**Provided material**
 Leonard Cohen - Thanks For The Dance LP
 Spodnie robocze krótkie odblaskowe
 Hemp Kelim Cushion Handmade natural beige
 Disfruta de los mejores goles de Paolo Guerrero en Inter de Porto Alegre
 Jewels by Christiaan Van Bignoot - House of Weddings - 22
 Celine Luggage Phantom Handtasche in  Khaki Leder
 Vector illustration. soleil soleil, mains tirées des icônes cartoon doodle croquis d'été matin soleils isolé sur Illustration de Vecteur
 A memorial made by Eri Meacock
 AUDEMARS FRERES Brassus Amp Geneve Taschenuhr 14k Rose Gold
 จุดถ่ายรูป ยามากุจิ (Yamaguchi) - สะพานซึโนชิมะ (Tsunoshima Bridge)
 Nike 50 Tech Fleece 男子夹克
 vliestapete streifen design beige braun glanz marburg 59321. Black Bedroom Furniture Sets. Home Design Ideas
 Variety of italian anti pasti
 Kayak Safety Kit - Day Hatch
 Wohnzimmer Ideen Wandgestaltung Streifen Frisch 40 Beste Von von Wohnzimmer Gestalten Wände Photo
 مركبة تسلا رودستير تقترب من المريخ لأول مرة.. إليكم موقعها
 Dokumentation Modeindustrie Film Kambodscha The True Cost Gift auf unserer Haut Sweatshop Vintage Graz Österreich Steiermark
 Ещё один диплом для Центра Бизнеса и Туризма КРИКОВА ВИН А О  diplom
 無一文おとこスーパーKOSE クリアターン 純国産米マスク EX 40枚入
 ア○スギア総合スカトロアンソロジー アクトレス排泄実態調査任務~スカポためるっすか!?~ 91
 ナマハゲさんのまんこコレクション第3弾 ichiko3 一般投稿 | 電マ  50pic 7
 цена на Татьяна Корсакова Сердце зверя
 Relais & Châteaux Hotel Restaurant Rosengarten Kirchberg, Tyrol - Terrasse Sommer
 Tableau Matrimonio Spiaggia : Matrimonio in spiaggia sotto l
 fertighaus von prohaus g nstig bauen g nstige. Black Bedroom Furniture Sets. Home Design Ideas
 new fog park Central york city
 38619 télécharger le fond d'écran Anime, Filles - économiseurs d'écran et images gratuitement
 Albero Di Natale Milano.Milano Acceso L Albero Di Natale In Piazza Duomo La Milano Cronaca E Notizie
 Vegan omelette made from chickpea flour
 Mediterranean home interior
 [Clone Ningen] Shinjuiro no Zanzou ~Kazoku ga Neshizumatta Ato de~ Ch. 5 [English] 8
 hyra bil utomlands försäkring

**Work task**
All lines of the listing holding the string "Design" must be returned, copied as they stand.

**Answer to the problem**
 vliestapete streifen design beige braun glanz marburg 59321. Black Bedroom Furniture Sets. Home Design Ideas
 fertighaus von prohaus g nstig bauen g nstige. Black Bedroom Furniture Sets. Home Design Ideas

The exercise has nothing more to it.